Ele foi condenado a 27 anos de prisão na Colômbia pela morte e estupro de Nancy Mestre, que tinha apenas 18 anos quando foi morta em 1994.
O caso chocou o país sul-americano — e resultou em uma busca de 26 anos do pai da jovem pelo assassino da filha.
Após o assassinato, Jaime fugiu da cidade de Barranquilla para o Brasil, onde se fixou com nome e documentos falsos. Em Belo Horizonte, passou a viver uma vida confortável sob o nome de Henrique dos Santos Abdala. Ele se casou com uma brasileira e teve dois filhos no Brasil.
Mas a busca incansável de Martín Mestre, pai de Nancy, pelo assassino da filha interrompeu os planos de Jaime. Após investigar o paradeiro do ex-genro por mais de duas décadas, ele o localizou no Brasil e deu as coordenadas à Interpol, que prendeu Jaime Saade em 2020.

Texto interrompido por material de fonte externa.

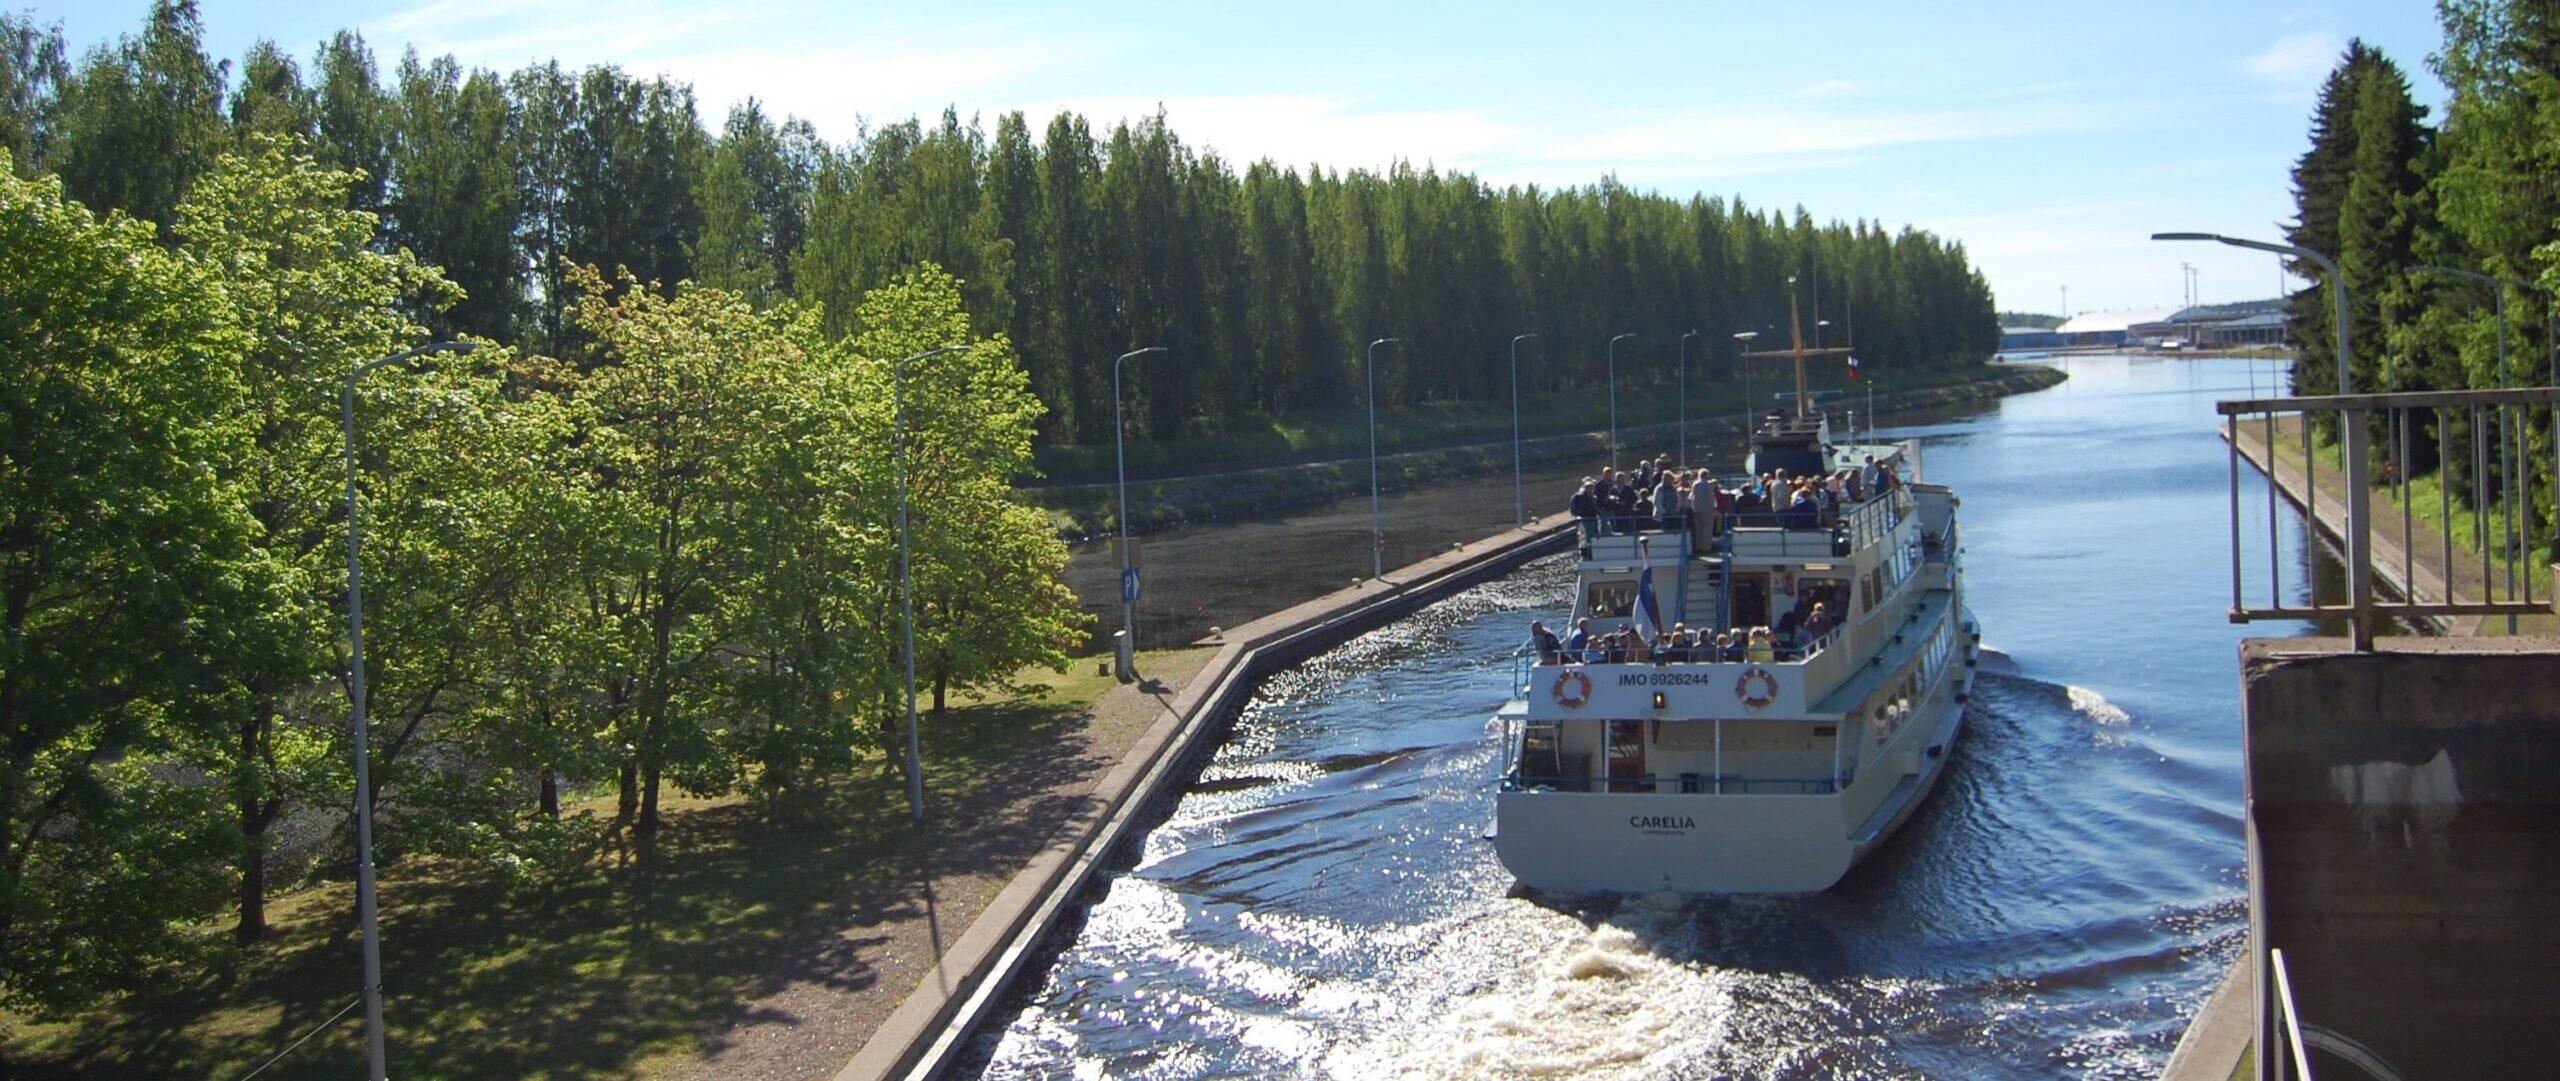 Reittimatka Lappeenranta-Nuijamaa / Nuijamaa-Lappeenranta

Naquele mesmo ano, o Supremo soltou o colombiano e negou a extradição com o argumento de que o crime de homicídio havia prescrito no Brasil.
Na ocasião, o placar foi de empate — um dos ministros, Celso de Mello, estava ausente à sessão em licença médica. Em vez de aguardar o voto de Celso de Mello, os ministros decidiram aplicar uma regra do Direito Penal segundo a qual, em caso de empate, vale a decisão que beneficia o réu.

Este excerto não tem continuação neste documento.